* _INSTRUCTIONS FOR THE TASK_
Give the lines below again exactly, starting with the line that holds "Linomo Star 5" and going on through the line that holds "2017 New Printing".

** GIVEN RECORDS follows **

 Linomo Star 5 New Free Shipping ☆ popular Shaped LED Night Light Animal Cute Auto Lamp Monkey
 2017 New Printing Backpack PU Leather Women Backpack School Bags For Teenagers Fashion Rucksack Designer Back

** End of GIVEN RECORDS **
** GIVEN RECORDS follows **

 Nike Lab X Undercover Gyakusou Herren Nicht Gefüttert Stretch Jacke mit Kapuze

** End of GIVEN RECORDS **

* _EXERCISE RESULT_
 Linomo Star 5 New Free Shipping ☆ popular Shaped LED Night Light Animal Cute Auto Lamp Monkey
 2017 New Printing Backpack PU Leather Women Backpack School Bags For Teenagers Fashion Rucksack Designer Back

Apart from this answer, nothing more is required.